» THE TASK: The full listing, returned exactly and free of pictures, is the expected answer.

» DATA BLOCK:

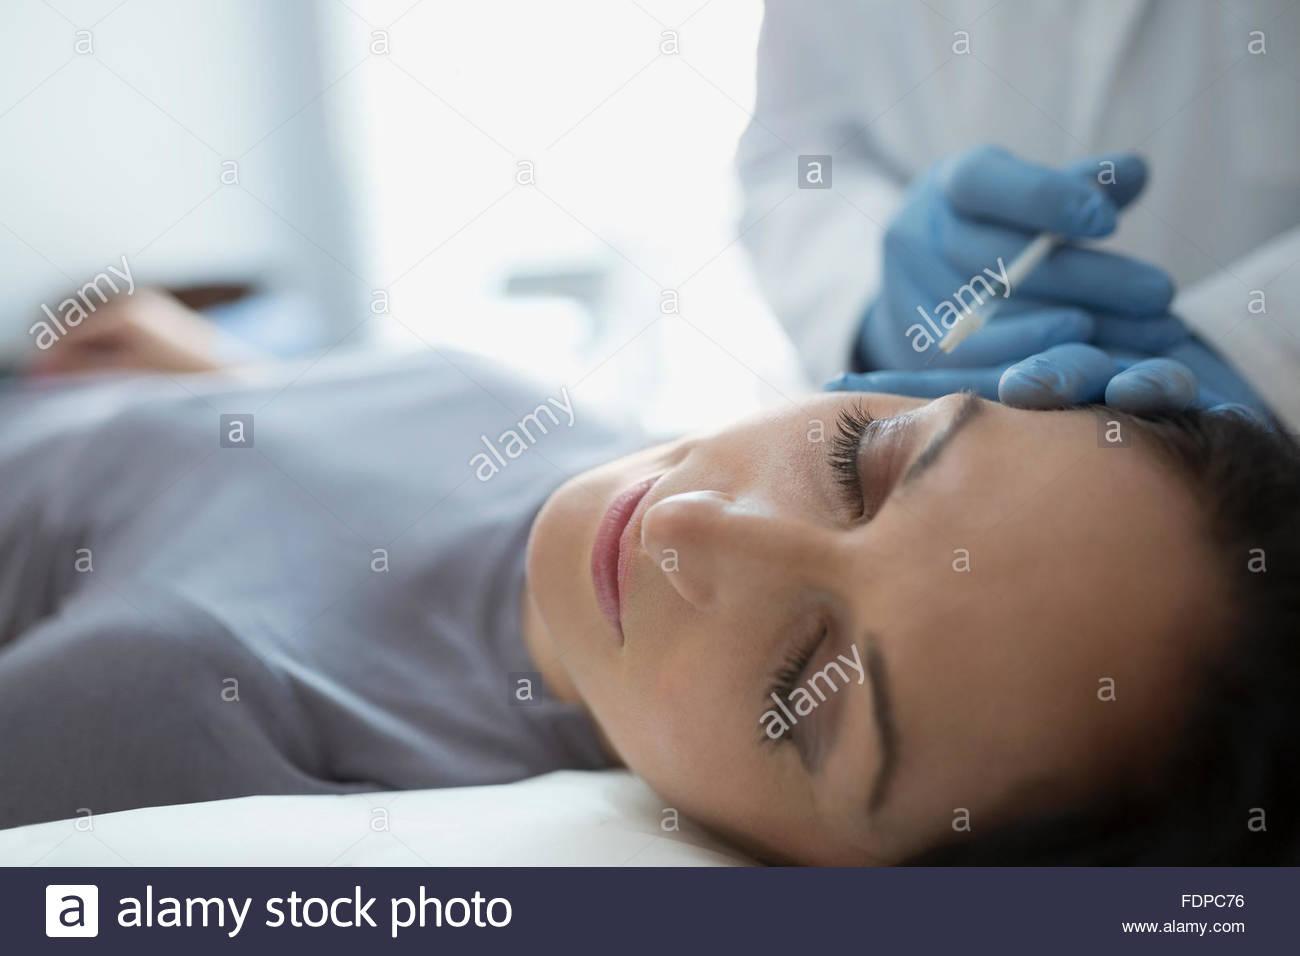 Woman receiving Botox injection - Stock Image
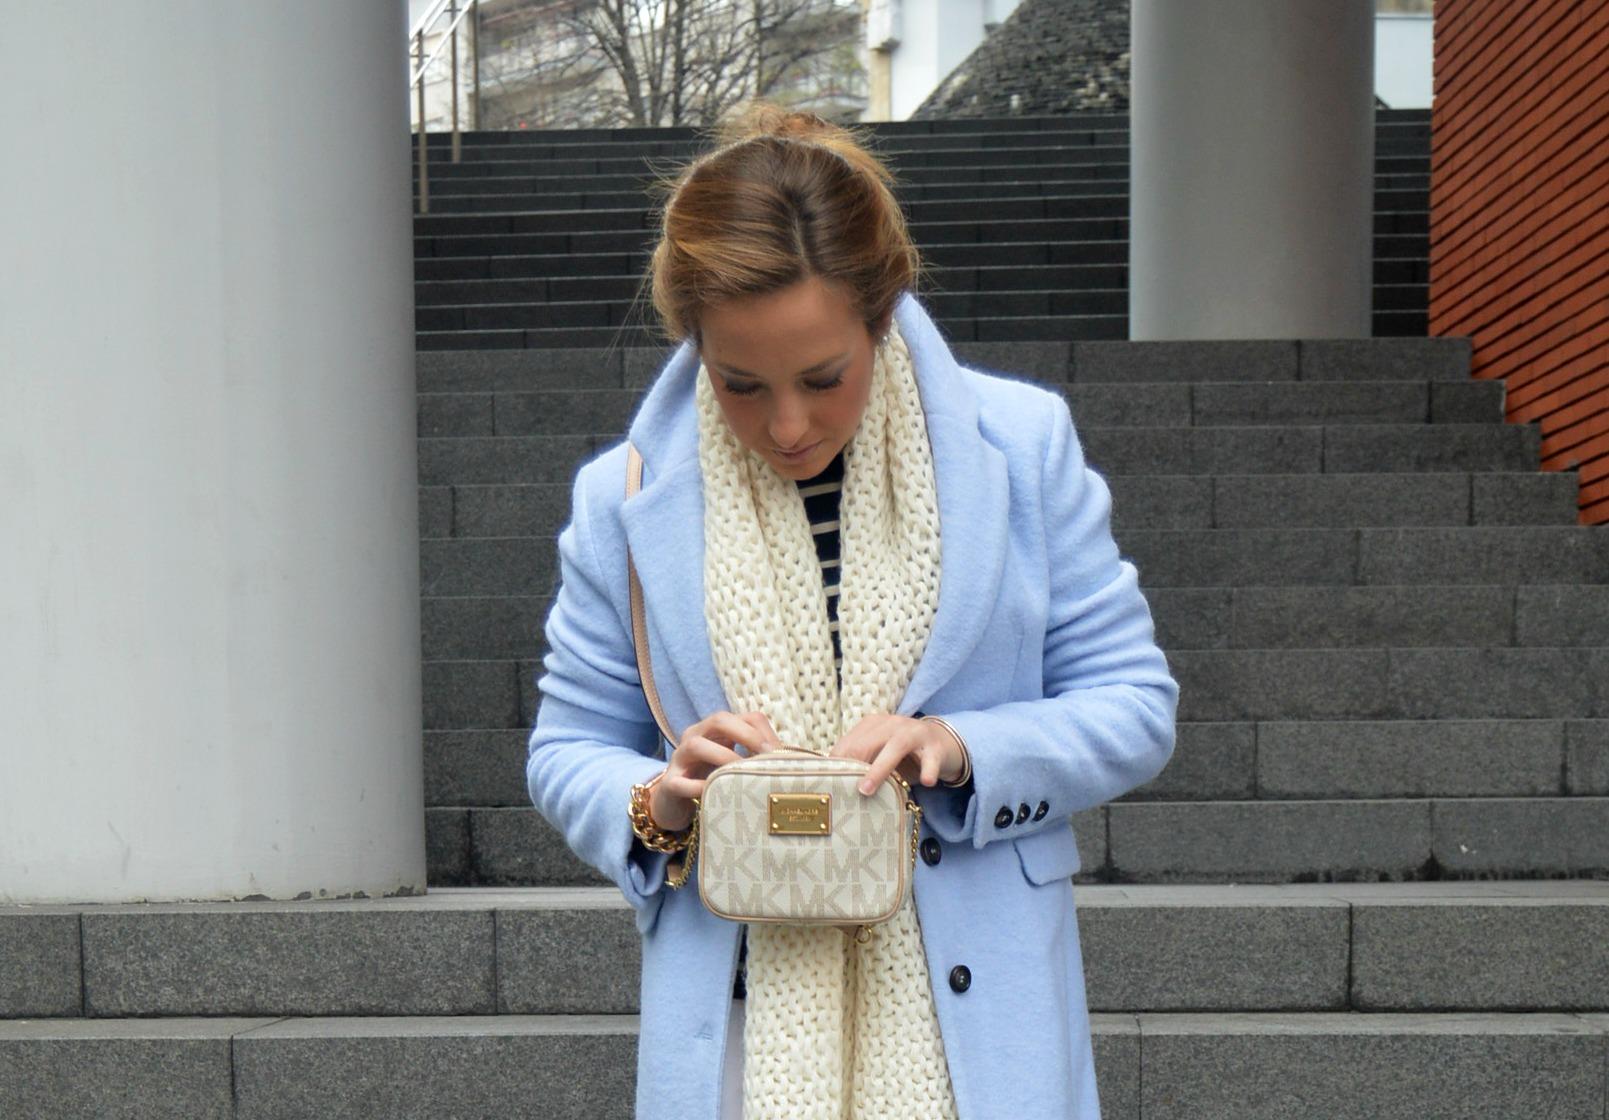 Abrigo azul lana bershka camiseta marinera azul marino pantalones blancos look invierno botas grises look claro bolso michael kors
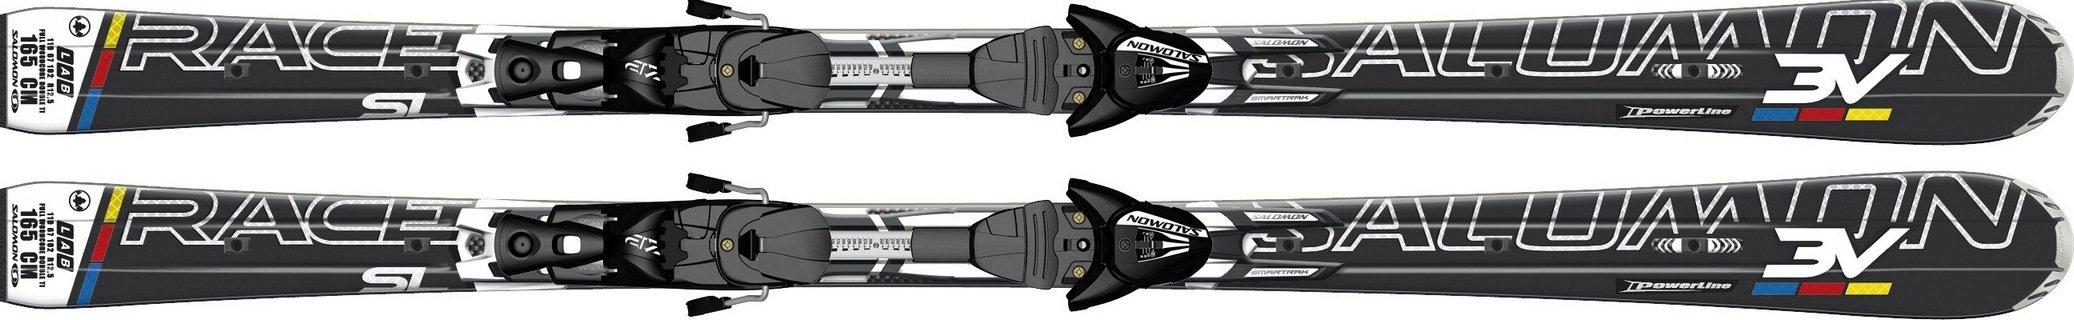 3V Race Powerline + Z12

» OUTPUT FOR THIS TASK:
 Woman receiving Botox injection - Stock Image
 Abrigo azul lana bershka camiseta marinera azul marino pantalones blancos look invierno botas grises look claro bolso michael kors
 3V Race Powerline + Z12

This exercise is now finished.